Though imperfect, the available models predict that the backscatters would lead to only six cancers over the course of a lifetime among the approximately 100 million people who fly every year, Smith-Bindman concluded.
"There's really unnecessary fear related to these scans," she said. "What I'm not as comfortable with is that there has not been access to these machines. They are not being tested on the same regulatory basis that we see on medical equipment."
After her article was published, Smith-Bindman was contacted by a TSA public affairs officer. During the conversation, she suggested that she or other outside scientists be allowed to test the machine. The official was shocked by the suggestion and said such access could tip off people who want to avoid detection, Smith-Bindman said.
"It was not appreciating that there's legitimate scientific questions that have to be balanced against the security questions," she said.
The TSA did not respond to ProPublica's questions about why it wouldn't allow outside testing. But at a
congressional hearing in March, Robin Kane, assistant administrator for security technology, said doing so would expose a lot of sensitive information the agency wouldn't normally share publicly. The machines had already been tested several times, he said, and if set up securely, the agency would allow more testing.
The available information leaves scientists with little to work with. Peter Rez, the Arizona State physics professor who signed the letter to Holdren, has tried to calculate the radiation by examining the handful of backscatter images that have been released publicly.
The Electronic Privacy Information Center, a civil liberties group, sued the Department of Homeland Security, TSA's parent agency, in federal court seeking release of 2,000 backscatter images used in testing. But it has not been successful.
The few images that have been made public do not reveal faces or detailed private features.
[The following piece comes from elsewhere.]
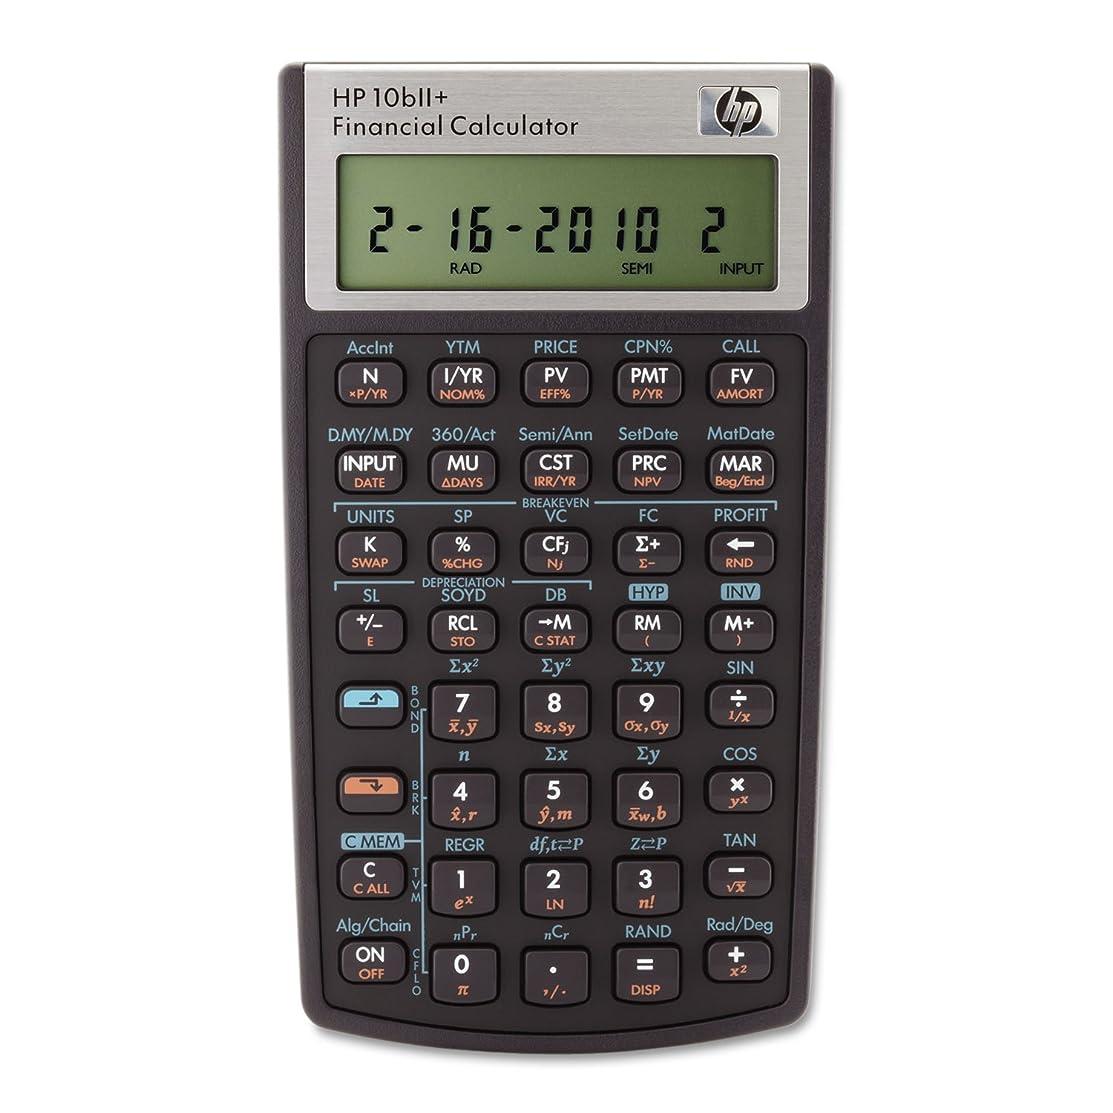 ケイ素見る制約HP 10bii +金融電卓

The TSA says the images Rez used are out of date, but Rez says the current image on TSA's website is unusable.
Using the earlier images, Rez
concluded in the
Radiation Protection Dosimetry journal that it was highly unlikely the machines could have produced such high-quality images with doses of radiation as low as those described by TSA. He estimated the dose, while still very small, is 45 times higher than the results measured by Johns Hopkins.
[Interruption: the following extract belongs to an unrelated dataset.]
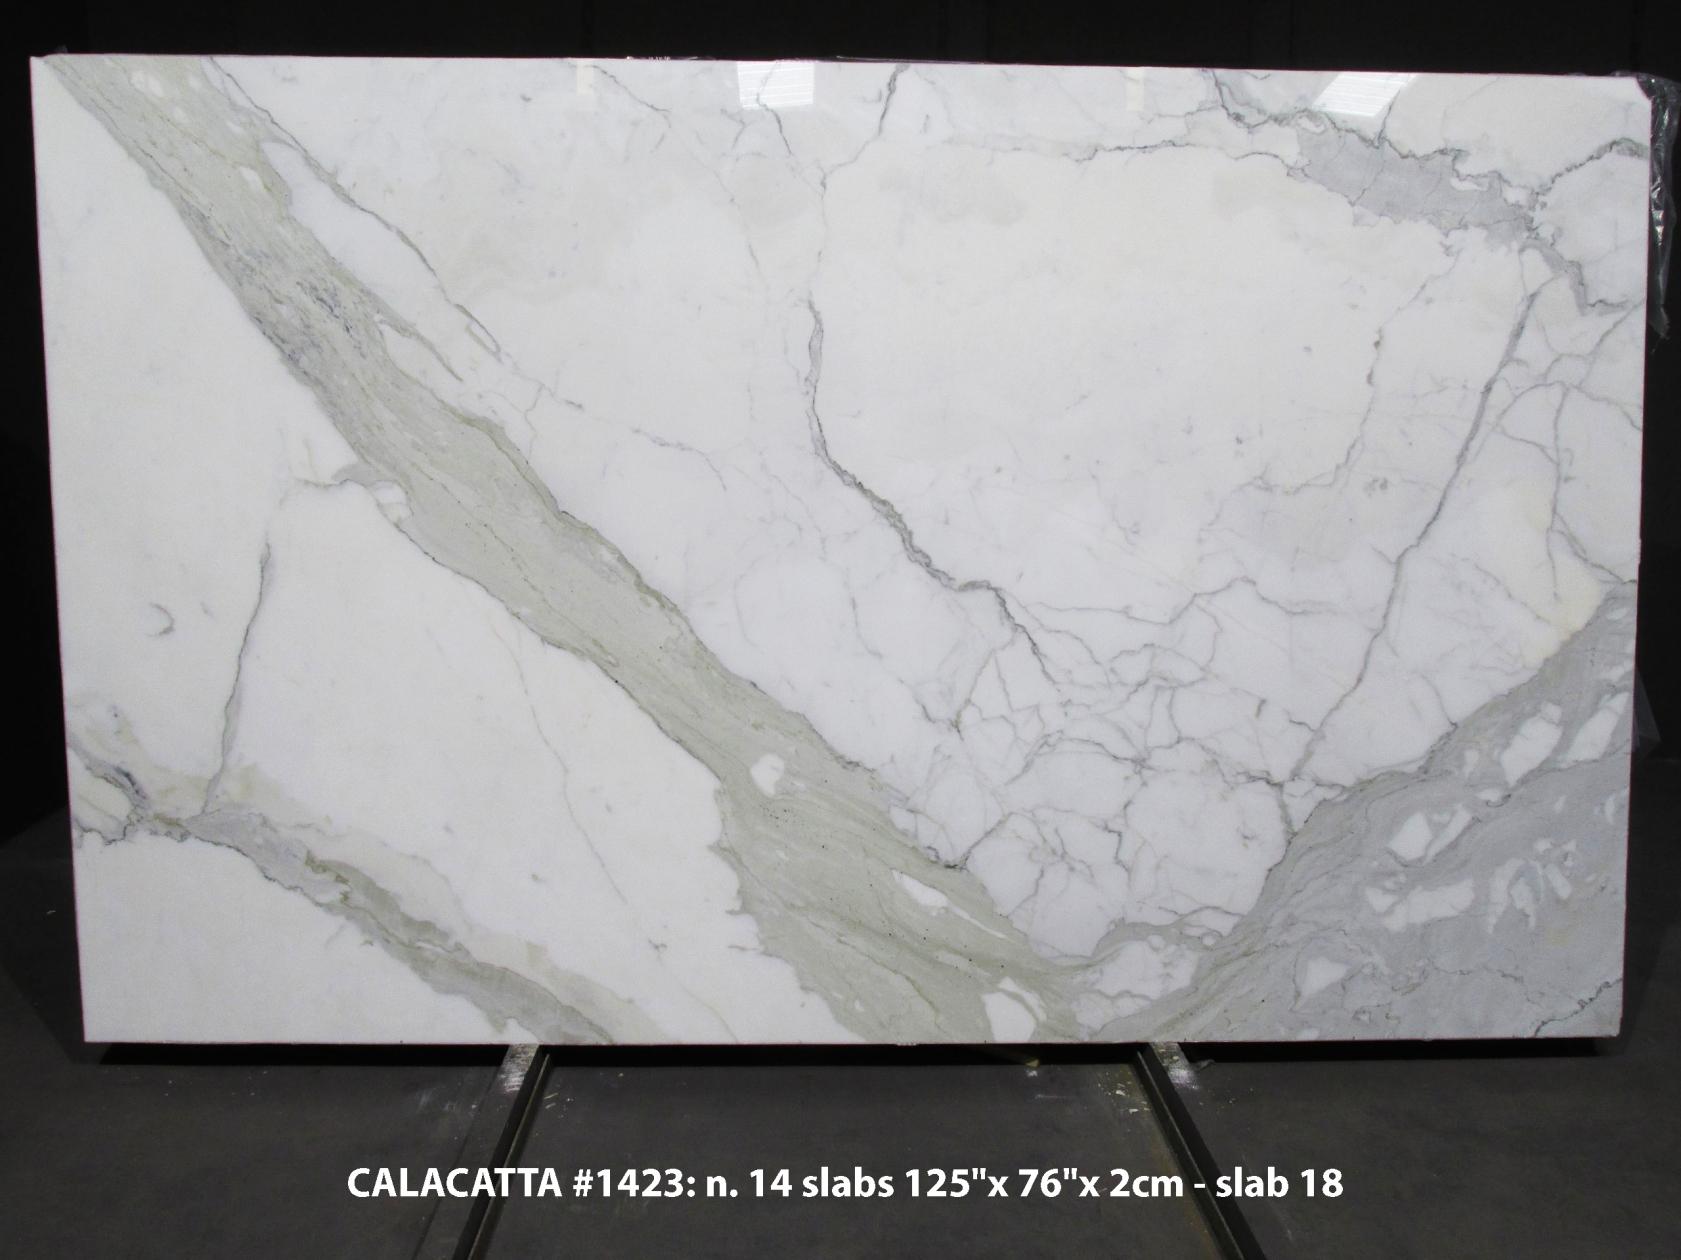 CALACATTA Suministro Veneto (Italia) de planchas pulidas en mármol natural 1423M , Bundle #1

Applying Rez's numbers, Brenner wrote a
paper for the journal
Radiology, estimating that 100 additional cancers would develop for every 1 billion scans.
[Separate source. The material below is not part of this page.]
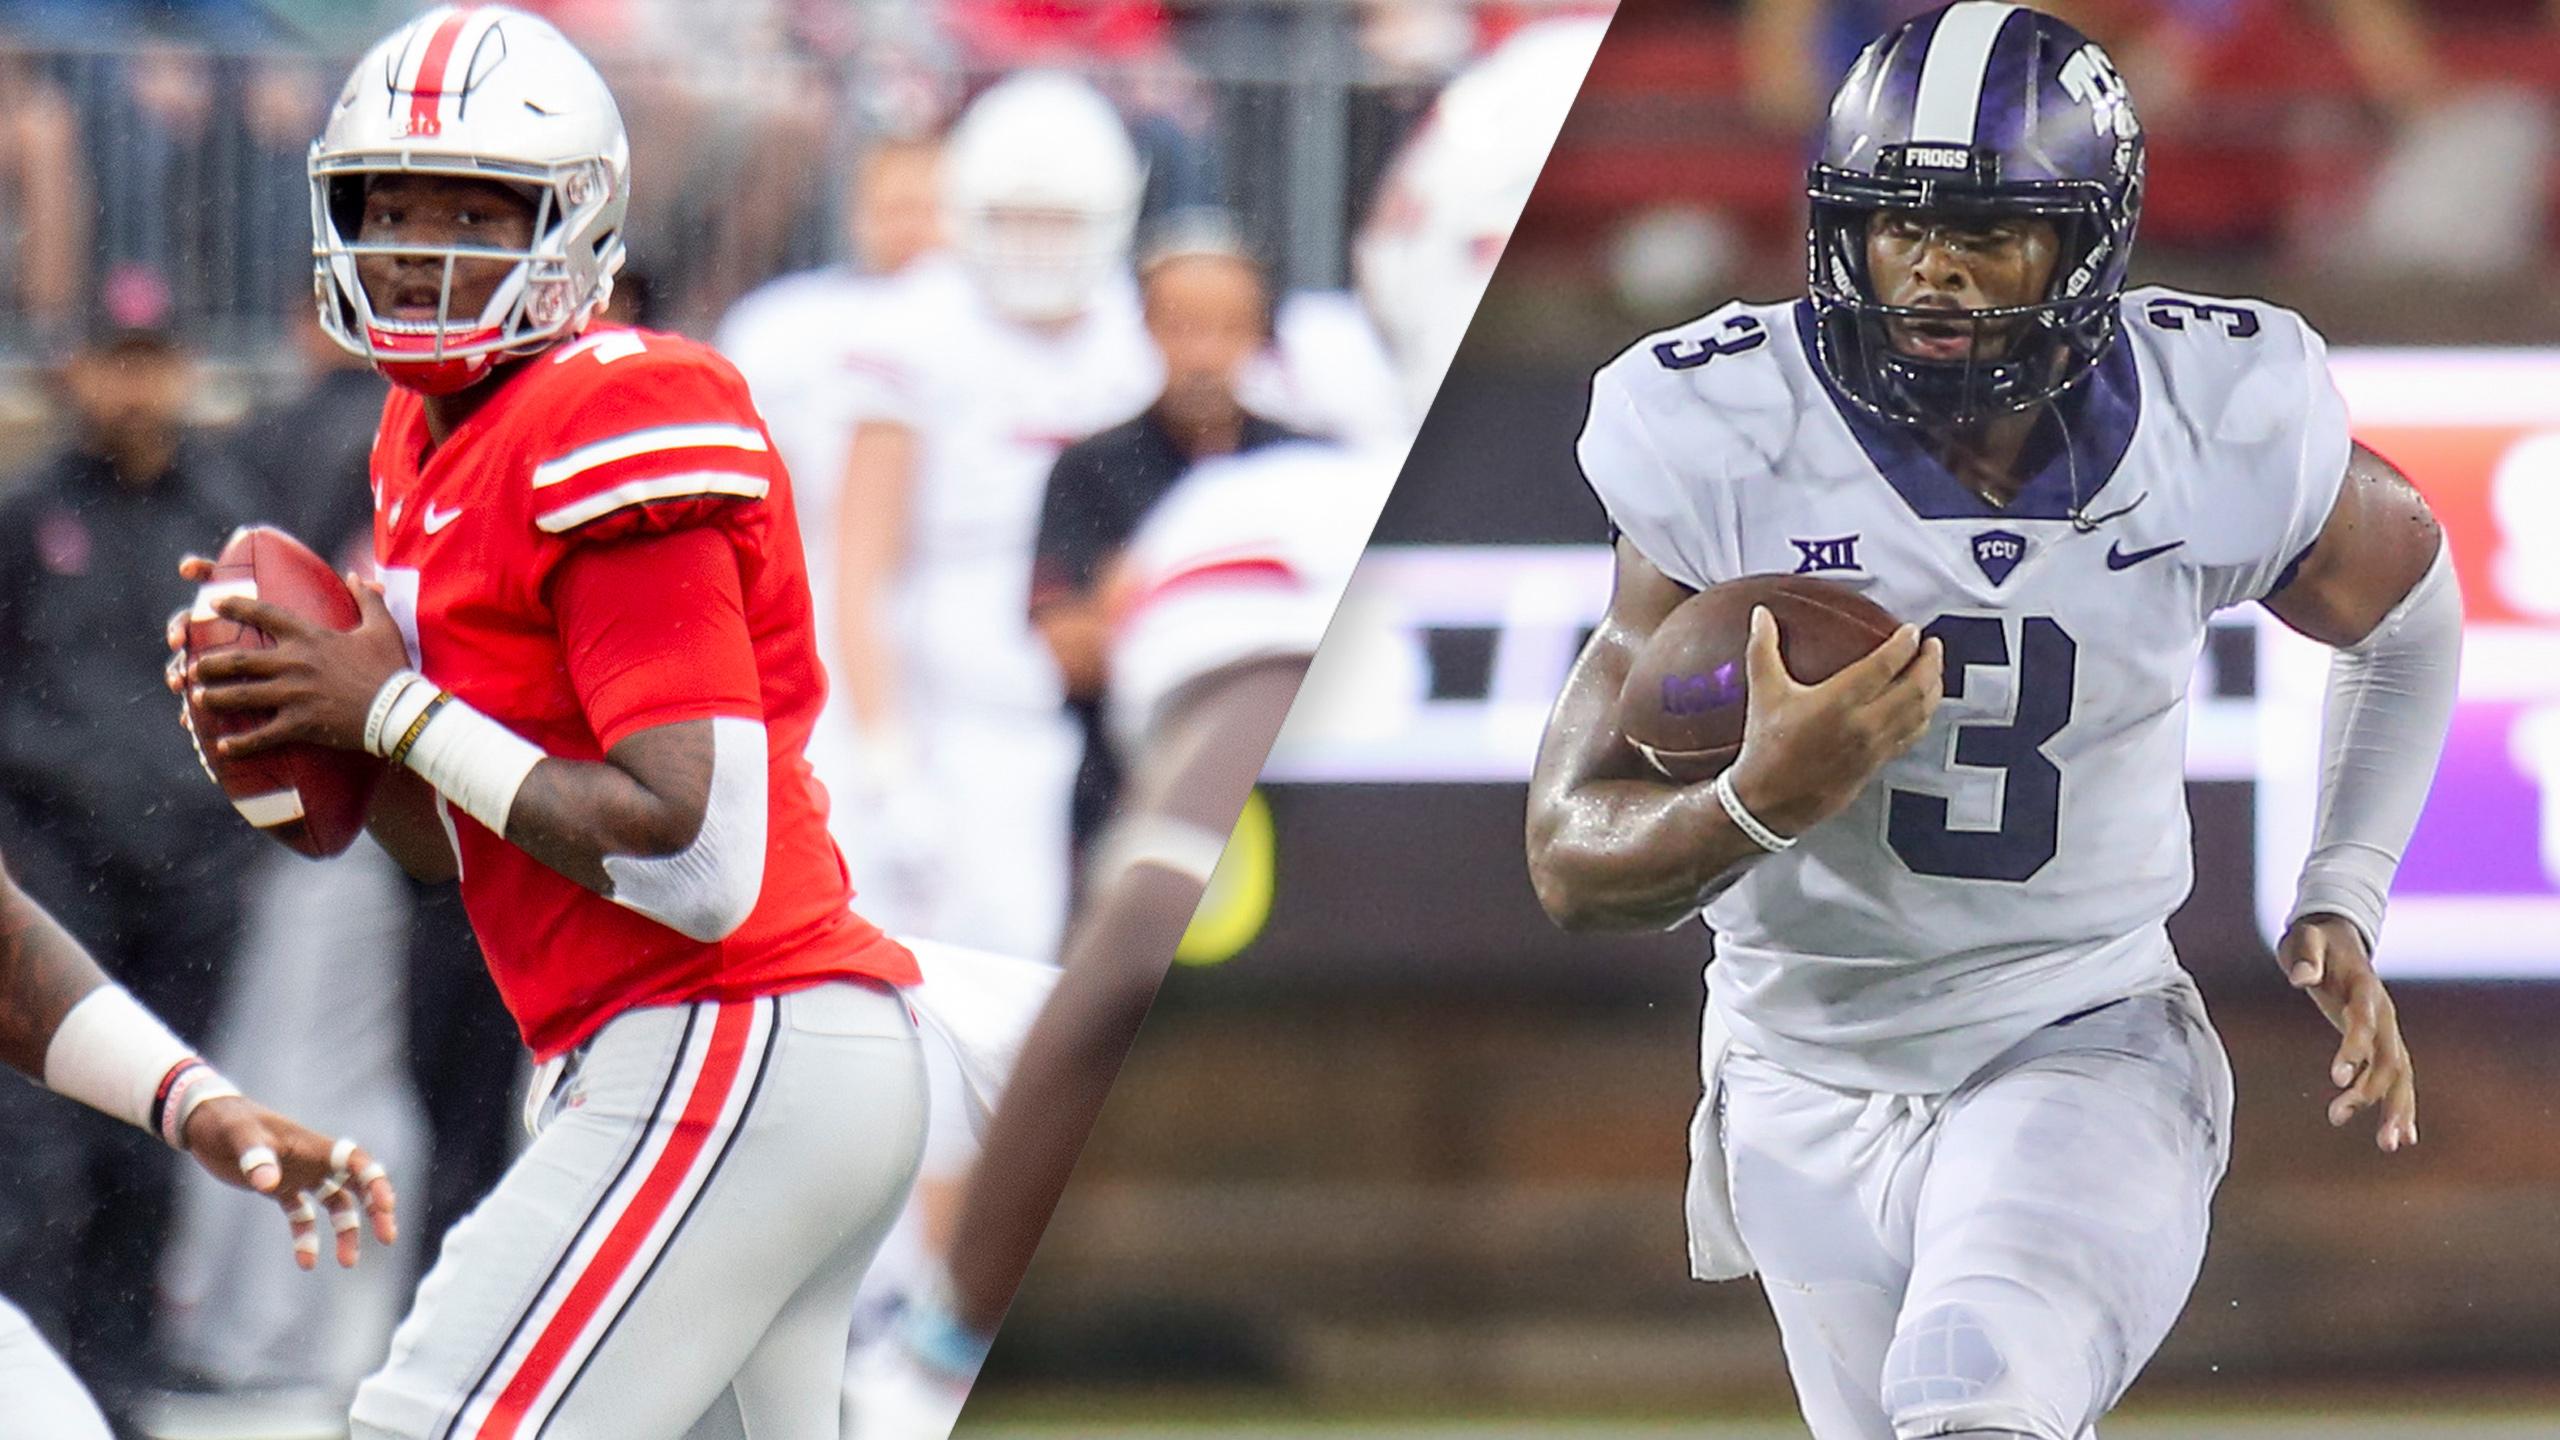 #4 Ohio State vs. #15 TCU (Football) (re-air)

For Rez, the real danger occurs if the machine stops in the middle of a scan, allowing the beam to focus on a tiny area for several seconds. Given that the backscatter works with a wheel rotating at a high speed, and that the agency plans to use the scanners continuously 365 days a year, mechanical failures are likely, he said.
The TSA says that the scanners have safety systems, such as automatic shutoffs and emergency stop buttons, that will kill the beam in the event of any problem that could result in abnormal radiation. How those fail-safe systems work isn't entirely clear.
When Johns Hopkins researchers visited the Rapiscan facility, the automatic termination appeared to work. But the full results of the shutoff tests are redacted.
What's more, the test system didn't have an emergency stop button.